That was H.R. McMaster, talking to reporters on Tuesday morning. President Trump’s national security advisor was not referring, in this case, to the president’s reported leak of classified intelligence to Russian officials, during a meeting in the White House—a leak that The Washington Post, corroborated by several other news outlets, first revealed on Monday evening. McMaster was instead talking in more multi-dimensional terms, about the leaking of the leaks—about the actions of the anonymous sources who first informed the Post about the Oval Office intelligence breach.

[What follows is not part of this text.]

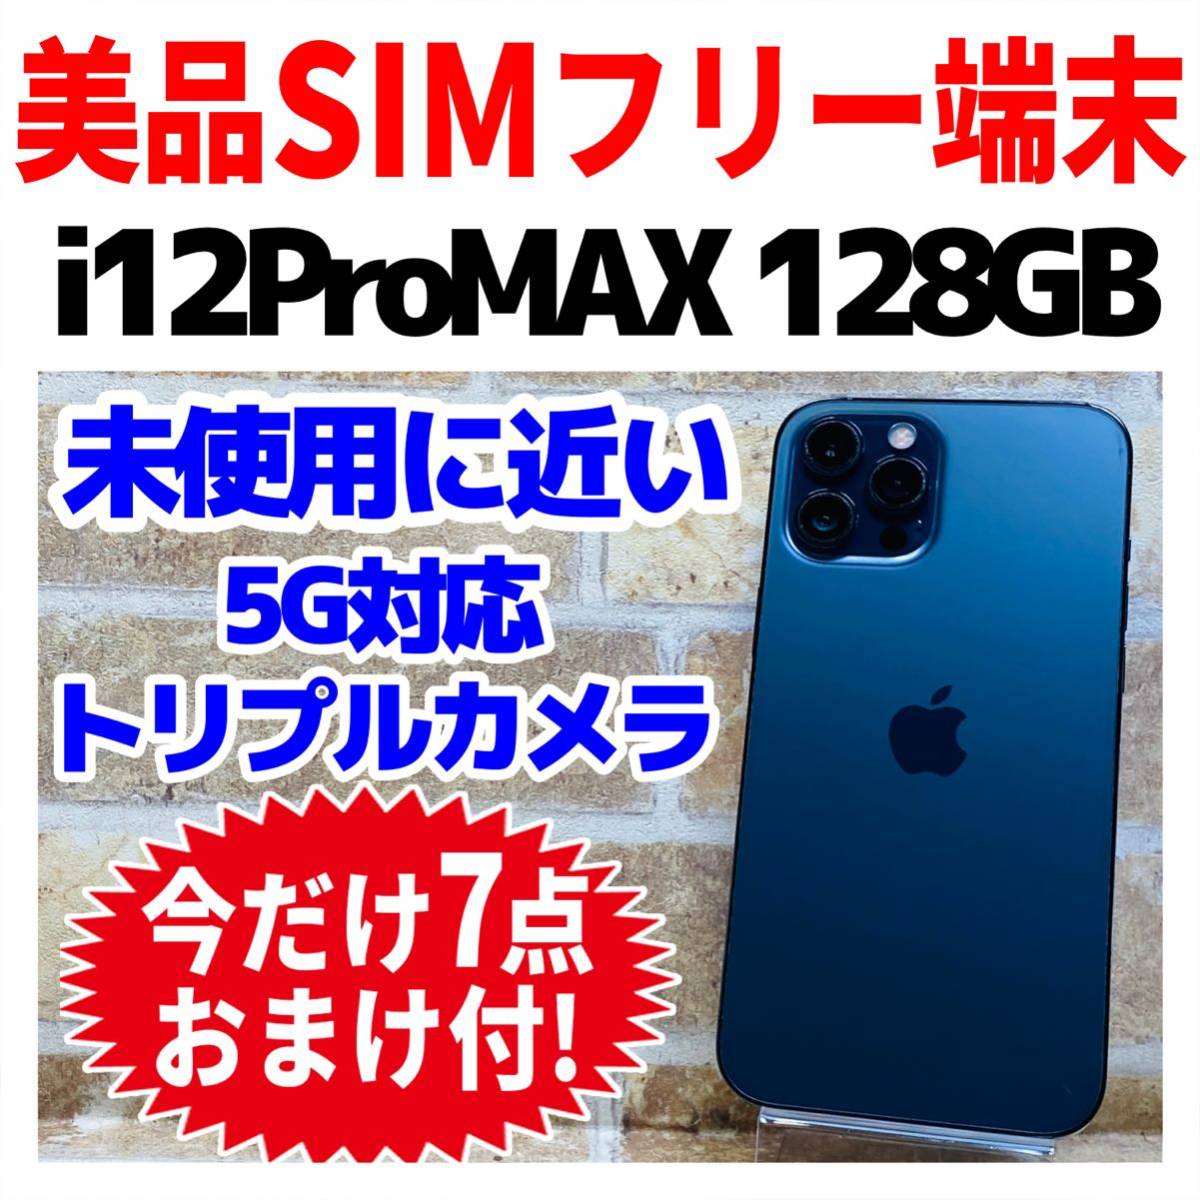 美品 SIMフリー iPhone12ProMAX 128GB 582 パシフィックブルー
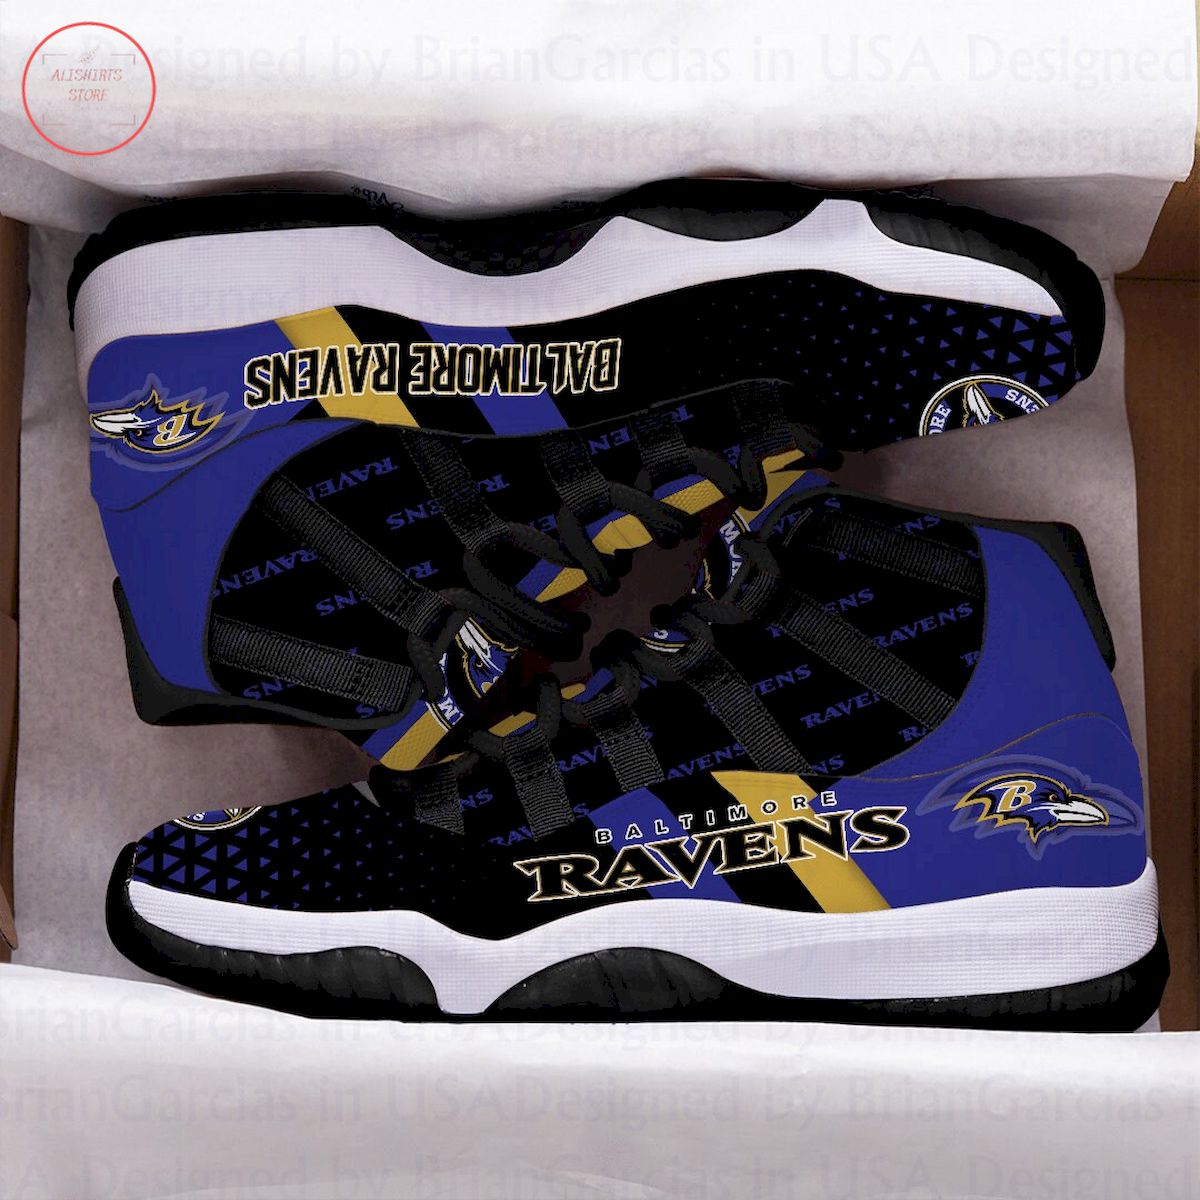 Baltimore Ravens Air Jordan 11 Sneakers

You’d be forgiven, however, for confusion on that front. “Leak” is, as accusations go, itself fairly fluid. It shape-shifts. While it may call to mind the most straightforward of structural problems—trickles that threaten to become floods, ships that threaten to be sunk by that unlikeliest of torpedoes—the “leak” varies in its implications. Edward Snowden, Chelsea Manning, Mark Felt, WikiLeaks, “individuals with knowledge of the situation” … to some they are villains. To others they are heroes.

In the case of the Oval Office revelations, though, the question isn’t simply a matter of the leak’s validity; it’s more basically a matter of what constituted the leak in the first place. As one framing—the one used in news stories from the Post and other outlets, and often by Democratic lawmakers—goes, the relevant “leak” here was sprung by the president himself, as he boasted to Russian leaders about the access to intelligence he enjoys as president. The other framing—the one used by McMaster, and by pundits on Fox News, and often by Republican lawmakers—sees the “leaker” in question not as Trump, but rather as the anonymous people who shared the news of his revelations to the media. (Fox contributor Fred Fleitz: “Yes, there’s a scandal here. It concerns former and current U.S. officials leaking classified information to the press to undermine a U.S. president.”)

President Trump, of course, has used the latter frame. As he tweeted on Tuesday morning:

The president’s frustration with “leakers” has been a theme not just in the aftermath of the Post report, but throughout his presidency. It is an anger shared by many, in government and in the military, who have argued that governing itself requires some level of secrecy to operate effectively. But it is also an argument has been turned against the president himself in the day following the Post revelation. “Leaks,” in this story, have been weaponized, by both sides—and in ways that are entirely oppositional to each other. Senator Chris Van Hollen, a Democrat from Maryland, captured it well when he remarked, of the leaks about the leaks: I think it was President Trump who not that long ago tweeted, ‘We need to track down every leaker.’ Now we find out that the leaker is the commander-in-chief.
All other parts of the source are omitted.